İyi cazcılarımızı İstanbul’a kaçırıyoruz. Ankara’da kalmalarını sağlayamıyoruz. Ankara’da cazın gelişmesi için neler gerekiyor?
Ankara’ya gerçek bir caz kulübü gerekiyor. Bu da sanırım kestirmeden kâr etmek isteyen Ankara işletmeci kafasına uyan bir fikir değıl. Ayrıca caz dinlemek isteyip de caz çalan yerlerden haberi olmayan çok insana rastlıyorum. Mekânların haftanın bir gününü caza ayırması iyi reklam yapılmazsa, alışkanlık yaratmaya yetmiyor.
Buradan duyuralım öyleyse. Ankara’da nerelerde dinleyebiliriz sizi?

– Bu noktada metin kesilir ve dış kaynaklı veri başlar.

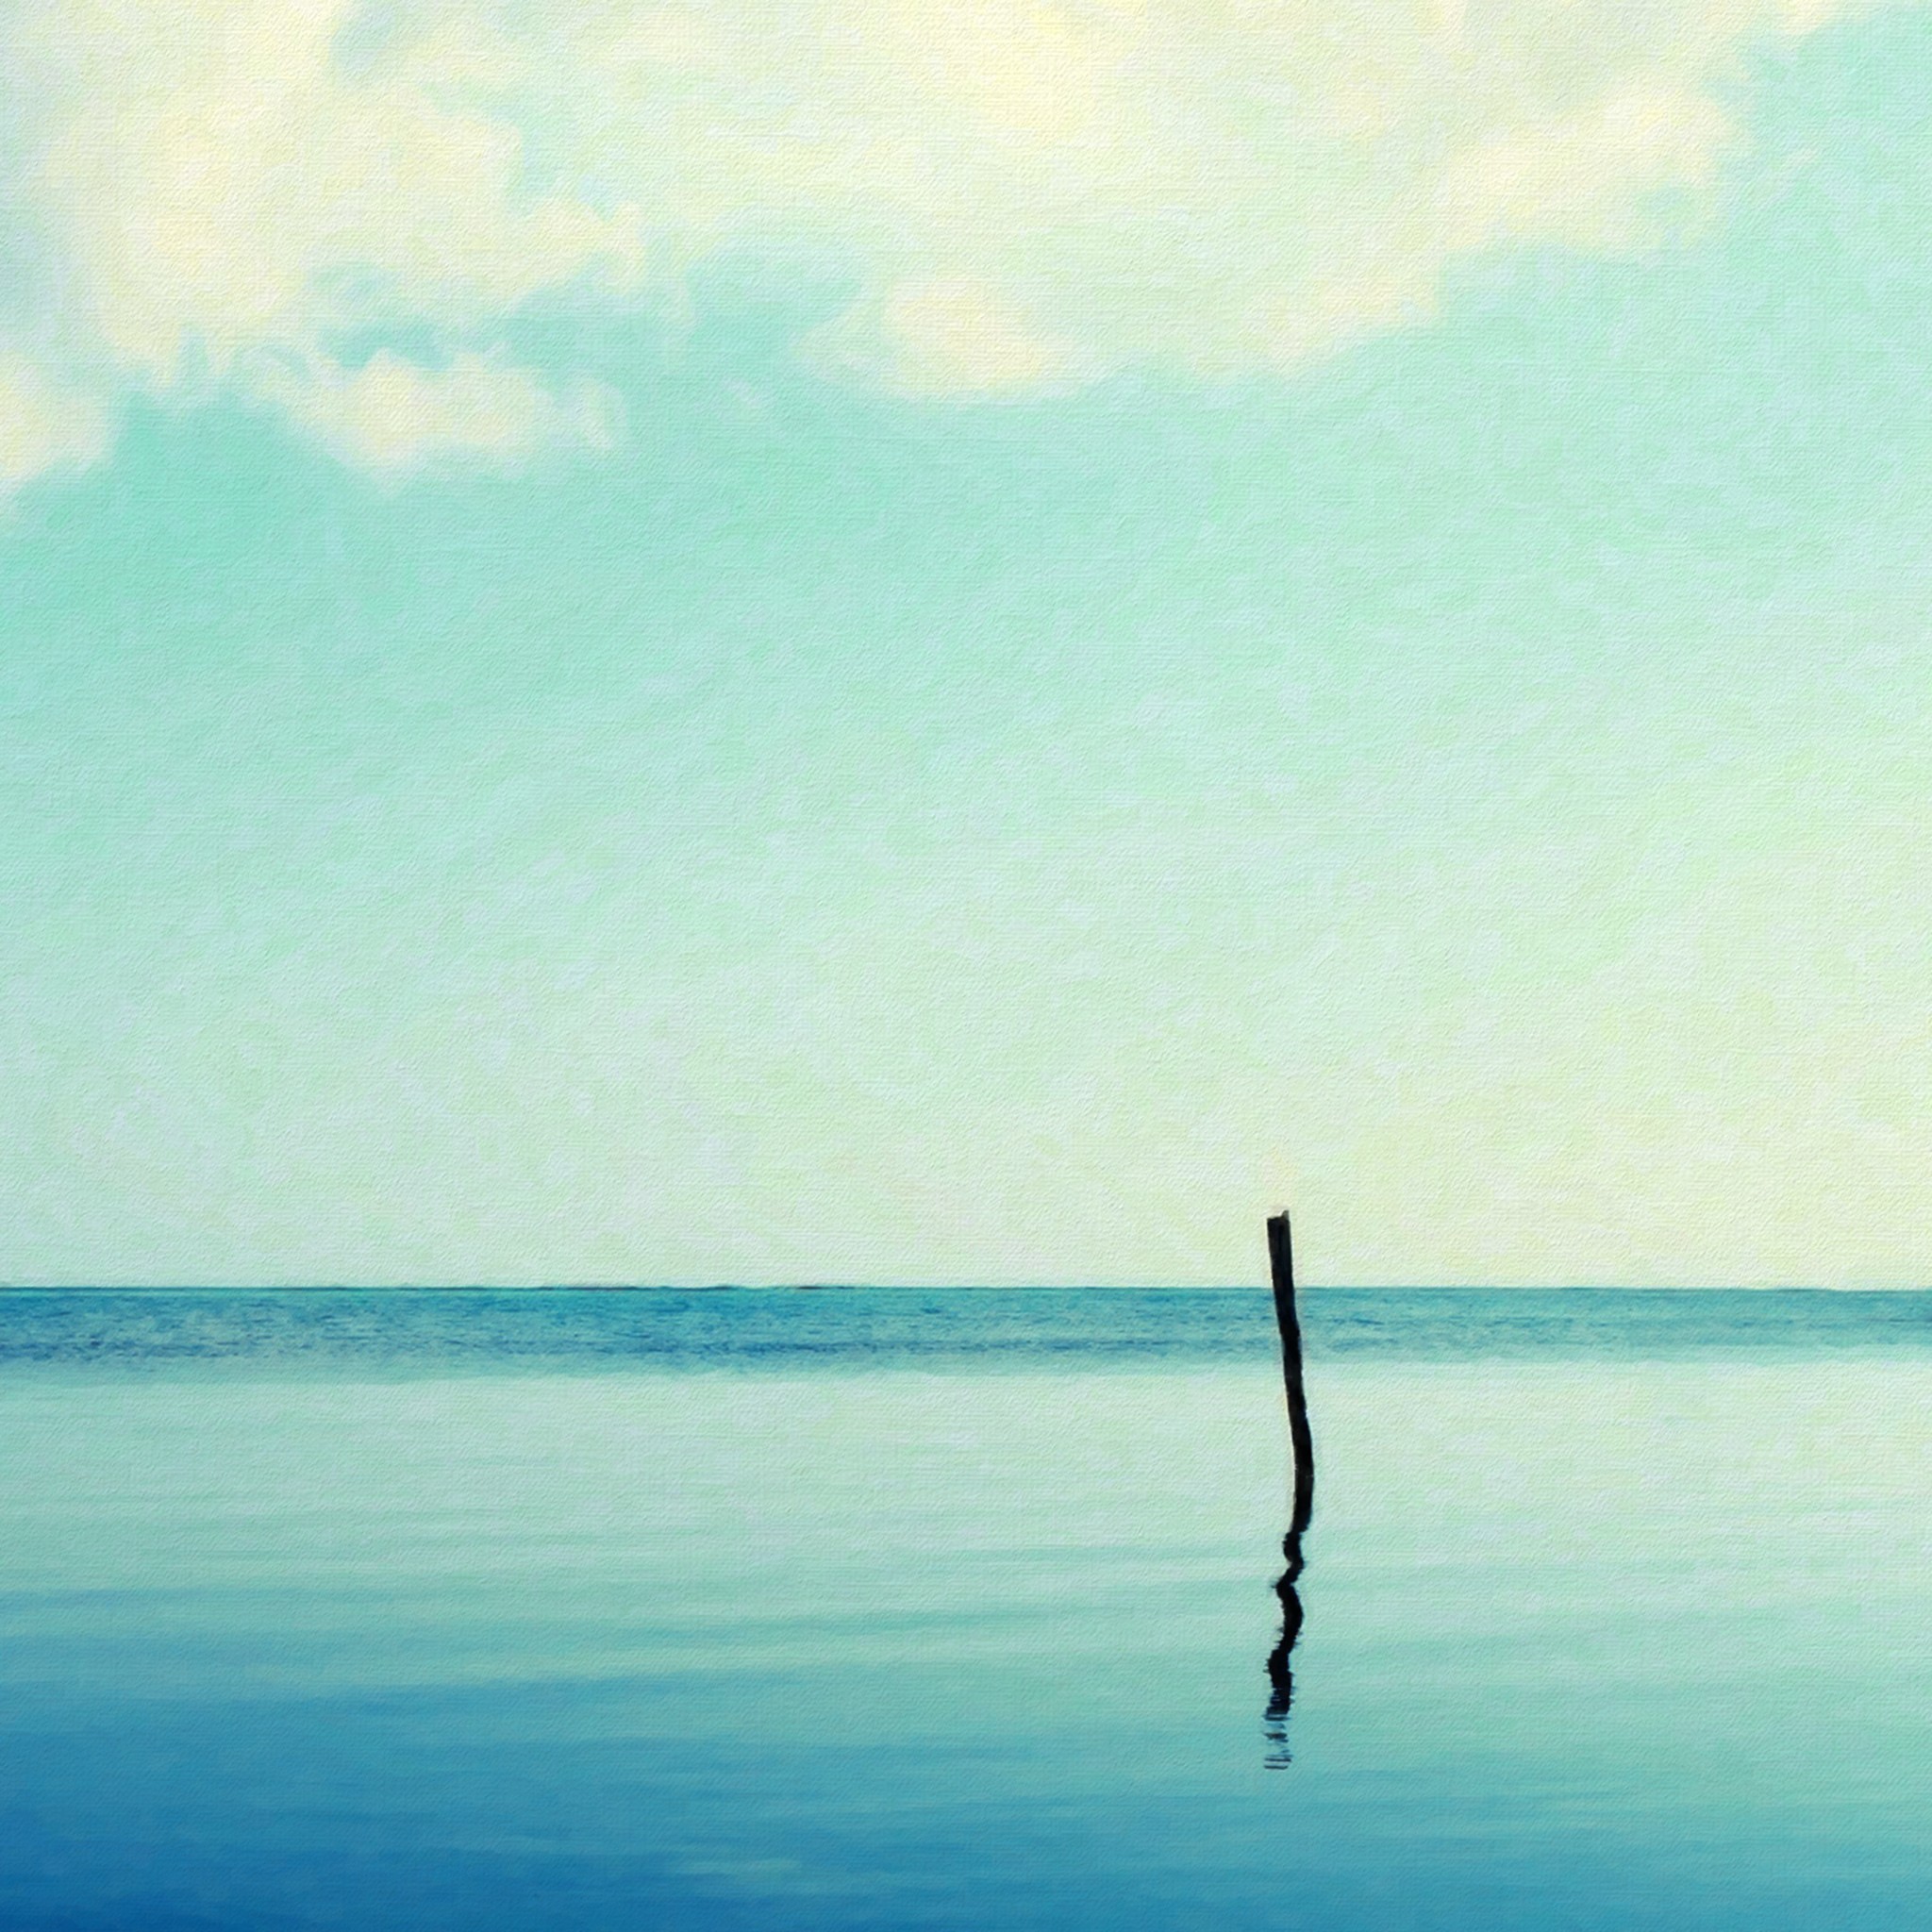 2048x2048 1059 2: Nature Calm Peaceful Ocean Sea Skyline Scenery iPad wallpaper

Ankaralılar beni her Perşembe Janusz Szprot, Murat Ulus ve Cem Aksel ile Budak Sokak’taki Ruhi Bey’de dinleyebilirler. Bunun yanı sıra 12 Mart’ta Ankara Kent Orkestrası ile Gençlik Parkı Tiyatro’sunda muhteşem bir konsere hazırlanıyoruz. Halka açık bir konser ve hepimiz çok heyecanlıyız. 30 Mart’ta ise Janusz Szprot Quartet ile Ankara Samm Bistro’da bir konserimiz olacak.